In order to calculate the SSD, divide the variables so that

$$ x = \left[ {x_{R} \left. {x_{N} } \right]} \right. $$
(3)

where x R is composed of these representative variables, while x N are the remaining characteristics. Then, the SSD for every proxy model p is calculated by summing over all representative variables l

$$ SSD_{p} = \sum\limits_{l} {\left( {\beta_{R}^{A} - \beta_{R}^{I} } \right)^{2} } $$
(4)

where \( \beta_{R}^{A} \) is the coefficient on a representative proxy variable, and \( \beta_{R}^{I} \) its household level complement SSD is minimized for the block group model, meaning that its representative parameters best approximate those produced from the survey data, followed by tract and zipcode parameters. This result verifies that the proxy variables taken from lower levels of census aggregation better match their BATS household counterparts.

Finally, the proxy models fit the observed ownership outcomes very well, as related by the likelihood and predictive attributes displayed in Table 3. In fact, each of the aggregate models would be preferred to the survey model on the basis of traditional criteria for model selection. The block group model exhibited the highest log likelihood at convergence, and the correspondingly lowest AIC value. Consequently, because all models began with the same log likelihood at zero, the block group model displays the highest pseudo R-squared value, 31.7%. On the basis of average predictive ability, the block group proxies are again preferred to every other estimated model. The block group model assigned at least a probability of 0.5 to the correct ownership choice 64.8% of the time, while assigning a plurality of probability to the correct choice for 69.7% of all observations. Using individual data alone, the comparable correct predictions were 64.4% and 69.7%, respectively. These results lend some confidence to the proxy method if a researcher does not have access to household survey data, particularly if the research objective is to predict household automobile ownership.

Conclusions

In this paper, we have evaluated the performance of census proxies for household variables in the estimation of a micro-level discrete choice model of auto ownership. The models using census proxies display impressive fit of the data. We find that the proxy method better approximates its household survey counterparts when the aggregates are representative. Among the models using proxies, we determined that the block group data are preferred to tract and zipcode aggregates. At least in the case of the BATS 2000 survey, our results show that vehicle choice estimates derived from the census proxy approach can serve as reasonable approximations for micro-level parameters, particularly in terms of exhibiting the proper sign and significance.
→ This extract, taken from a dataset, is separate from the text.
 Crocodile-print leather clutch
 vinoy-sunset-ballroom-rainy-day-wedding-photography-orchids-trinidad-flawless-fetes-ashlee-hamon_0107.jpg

Not only are aggregate proxies less expensive to acquire and analyze, they may in fact offer an improvement over the traditional survey-driven approach. The block group ownership model actually performs better than the model using survey data alone in terms of likelihood and predictive ability. Evidently, an individual considers not only his status, but also the condition of the neighborhood around him in deciding how many vehicles to own. In the health studies literature, these are referred to as contextual effects (Diez-Roux 2003). Even researchers that have access to household survey data should contemplate controlling for local aggregates.

If the researcher’s objective is to predict household vehicle choice, our results demonstrate the promise of using proxy data. Although we have shown that models using some aggregate proxies can predict original ownership at least as well as the survey model, an important caveat is that prediction of future vehicle ownership is dependent upon the availability of aggregate data. If tract-level demographic or education estimates are nonexistent for a future period, the researcher must constrain the predictive model to existing data for practical applications.